Detailed information on how to customize the ICU data library is provided in the readme.txt file which is part of the downloaded zip file.
Converter source files are compiled into binary converter files (.cnv files) by using the makeconv.exe tool. It is possible to specify more than one converter.
Example:
| Command | Description | 
|---|---|
makeconv ibm-1142_P100-1997.ucm  |  
                                          
                        Compile the Danish character mapping table of code page IBM-1142 into the binary format. With a subsequent step, the output file ibm-1142_P100-1997.cnv can be added to the new data library package. | 
Converters obtained from ICU are already registered in the alias
                              name table. No additional step is necessary. If the converter source file is a
                              user-defined file, there will be no appropriate entry in the alias name table.
                              In this case, it is necessary to register the new code page in the alias name
                              table. Open the text file convrtrs.txt and append an
                              appropriate entry at the end of that file in the section "User
                              defined code pages". The name of the code page is required and
                              the IANA name is optional. The string { IANA* } declares
                              iana-name as an IANA name. Each user-defined code
                              page requires an entry in the alias name table.
               
The entry has the following format:
name-of-code-page  iana-name { IANA* } 
                         If the code page "my_cp-100" with the IANA name "MYCP" is to be added, the following line in convrts.txt is required:
my_cp-100            MYCP { IANA*} 
                         For more information, refer to the header of convrtrs.txt or to the ICU User Guide.
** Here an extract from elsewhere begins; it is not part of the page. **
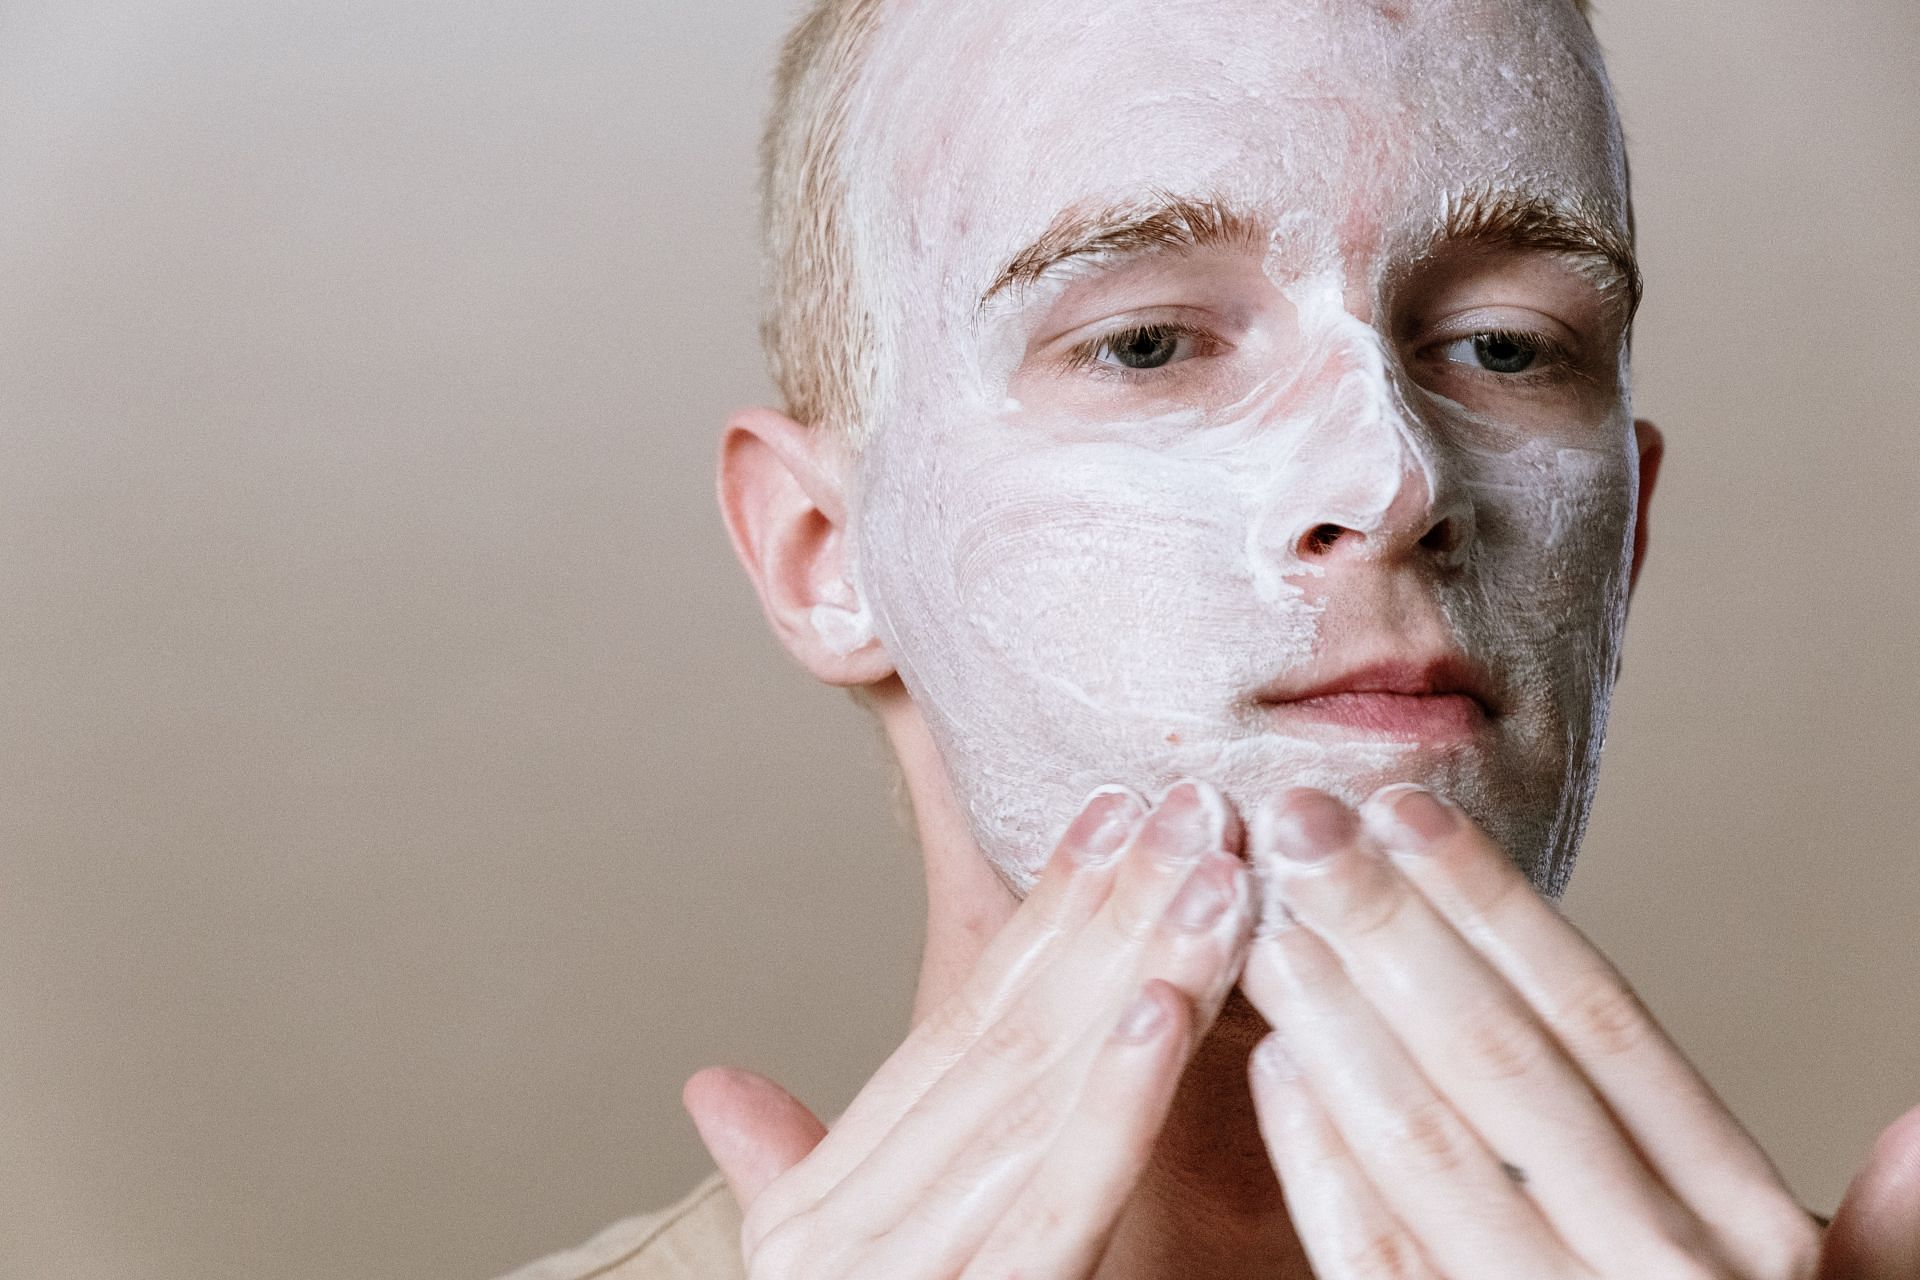 Certain lifestyle change can help prevent acne. (Image via Pexels/Cottonbro Studio)

The modified alias name table has to be compiled with gencnval.exe into a binary file (cnvalias.icu) to be linked to the new data library package.
A new package is created with the tool makpkg.bat. It uses the delivered package icudtvr.dat (vr = version) and merges new, user-defined items. A user-defined item can be an additional package that contains new data items, a single data item such as a new converter (.cnv file), or a text file that contains a list of new items.
Examples:
| Command | Description | 
|---|---|
makepkg icudtvrl.dat  |  
                                          
                        Add the data items contained in icudtvrl.dat to the base package icudtvrb.dat. | 
makepkg ibm-1142_P100-1997.cnv  |  
                                          
                        Add the Danish code page IBM-1142 to the base data library package icudtvrb.dat. | 
makepkg newitems.txt  |  
                                          
                        Add all data items (converters) that are listed in the text file newitems.txt to the base data library package icudtvrb.dat. | 
makepkg.bat produces two files, a big-endian
                              EBCDIC-based binary file and an HL assembler source. The assembler source
                              contains the binary image of the first file packed into DC X'...'
                              statements. The name of the binary file is icudtvre.dat
                              and the name of the assembler source is icudtvre_dat.s.
                              The file icudtvre is a copy of
                              icudtvre_dat.s. The files must never be renamed since the
                              package name "icudtvre"
                              is used as a part of internal references of data items. It is used by the ICU
                              runtime to access data items such as converters and to validate the data file.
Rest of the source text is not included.